At MudLab, Oakland’s new zero-waste grocery
store, it’s all about slowing down to tackle waste

By Cheryl Angelina Koehler

 

Upcycled scraps from Cotton Basics hold tea in an upcycled jar. Right: Read a used book, enjoy some bread made with Community Grains flour, and buy a token for a show at the New Parkway at MudLab as you learn about the luxury of a “for here” way of life with reusables.

 

An energetic 34-year-old runner, Vanessa Pope talks a lot about slowing down, which is surprising at first, given her passions for taking on the crisis of trash.
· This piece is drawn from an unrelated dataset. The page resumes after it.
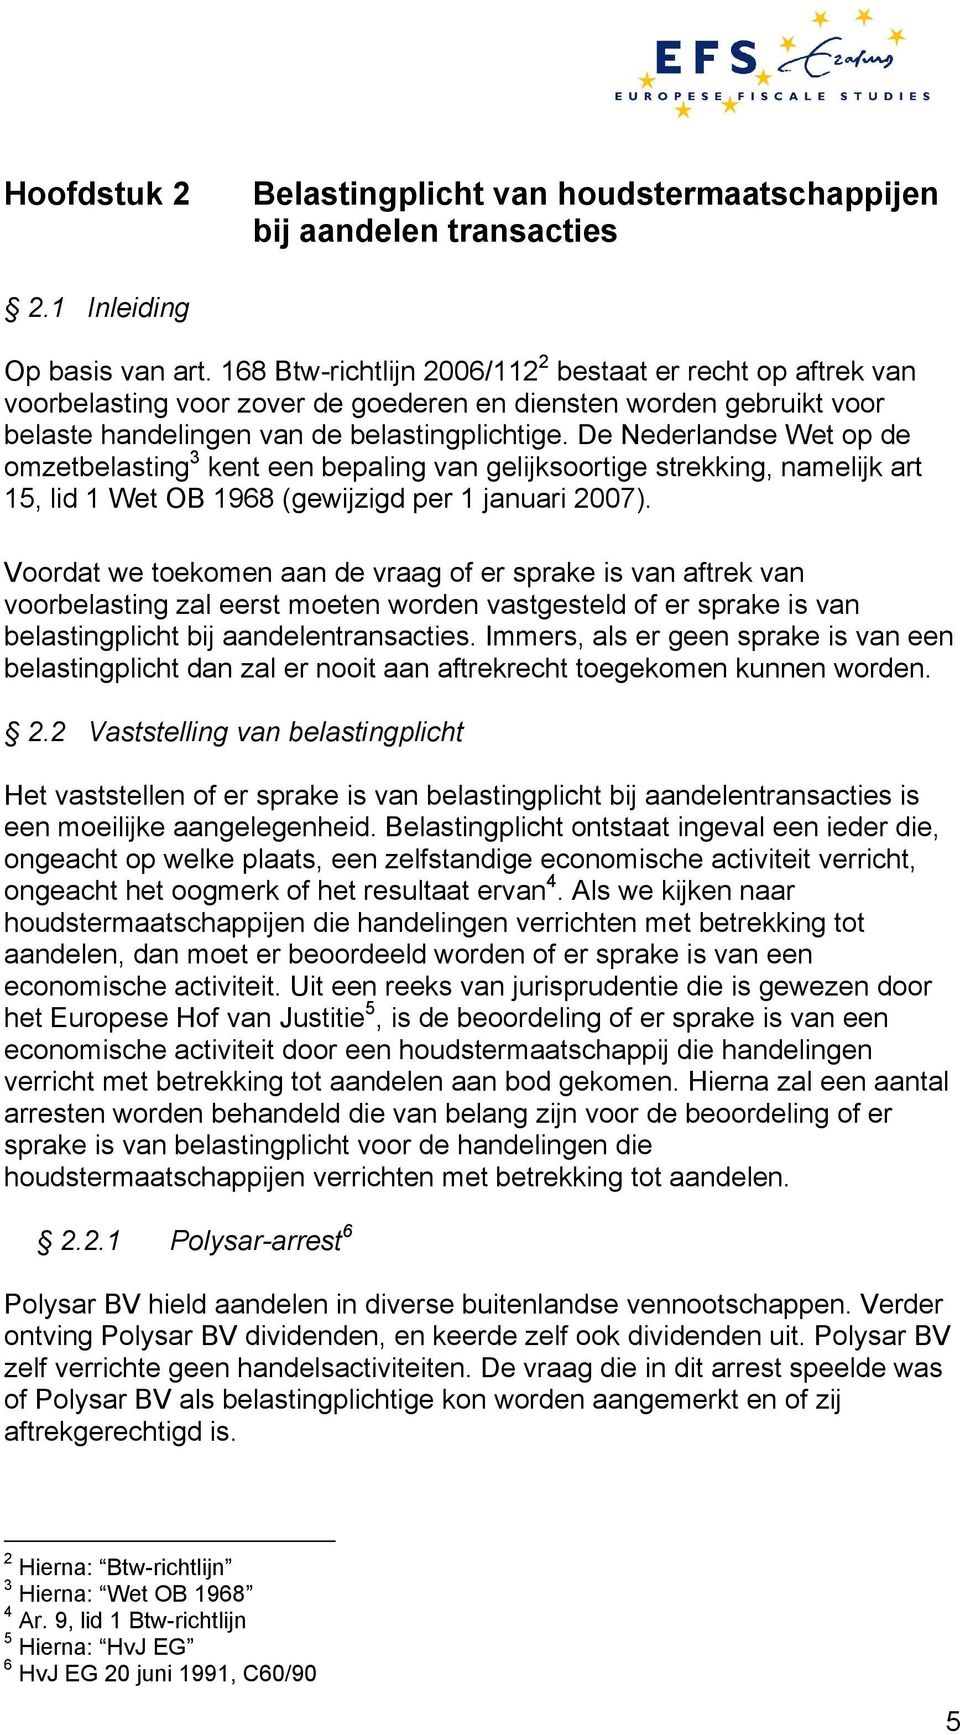 De Nederlandse Wet op de omzetbelasting 3 kent een bepaling van gelijksoortige strekking, namelijk art 15, lid 1 Wet OB 1968 (gewijzigd per 1 januari 2007).
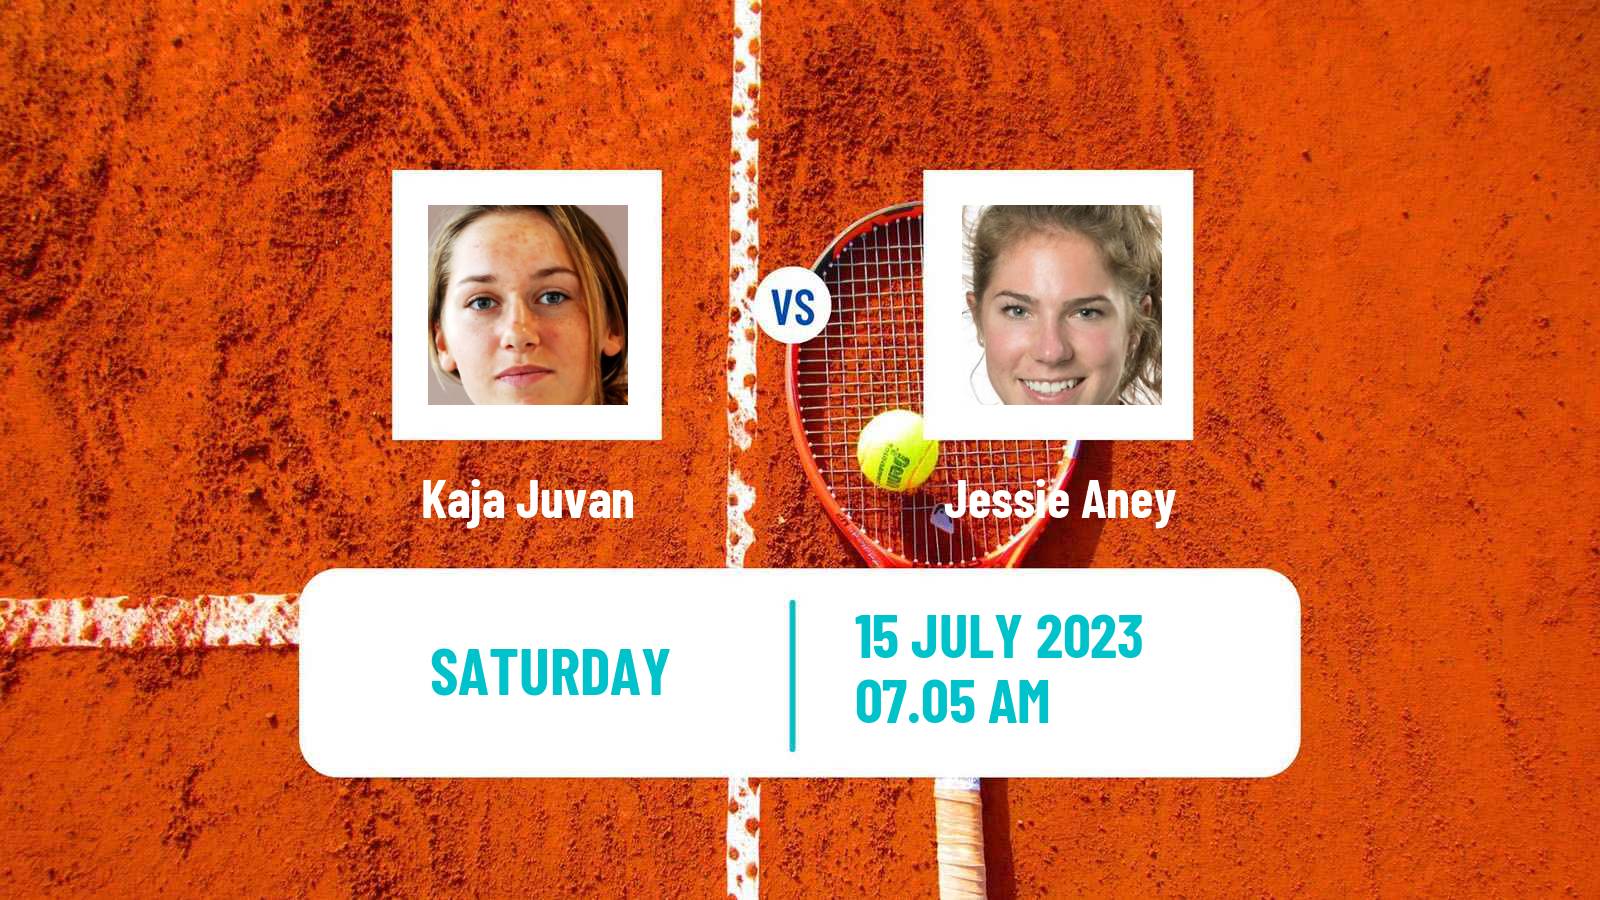 Tennis WTA Budapest Kaja Juvan - Jessie Aney

In 2019 alone, she led dozens of trash pick-up parties around Lake Merritt; published a sustainability oriented book on dating and arranged singles meet-ups at local “green” businesses; started For Here, Please, a nonprofit dedicated to disrupting to-go culture; opened MudLab, a zero-waste grocery and meeting hub; and generally and gently beseeched everyone within her sphere to slow down and learn how to save the big human party on the planet from going down under a mountain of trash. Coffee helps. But Pope will take it “for here.” Or she’ll bring a reusable mug, and she hopes you will, too.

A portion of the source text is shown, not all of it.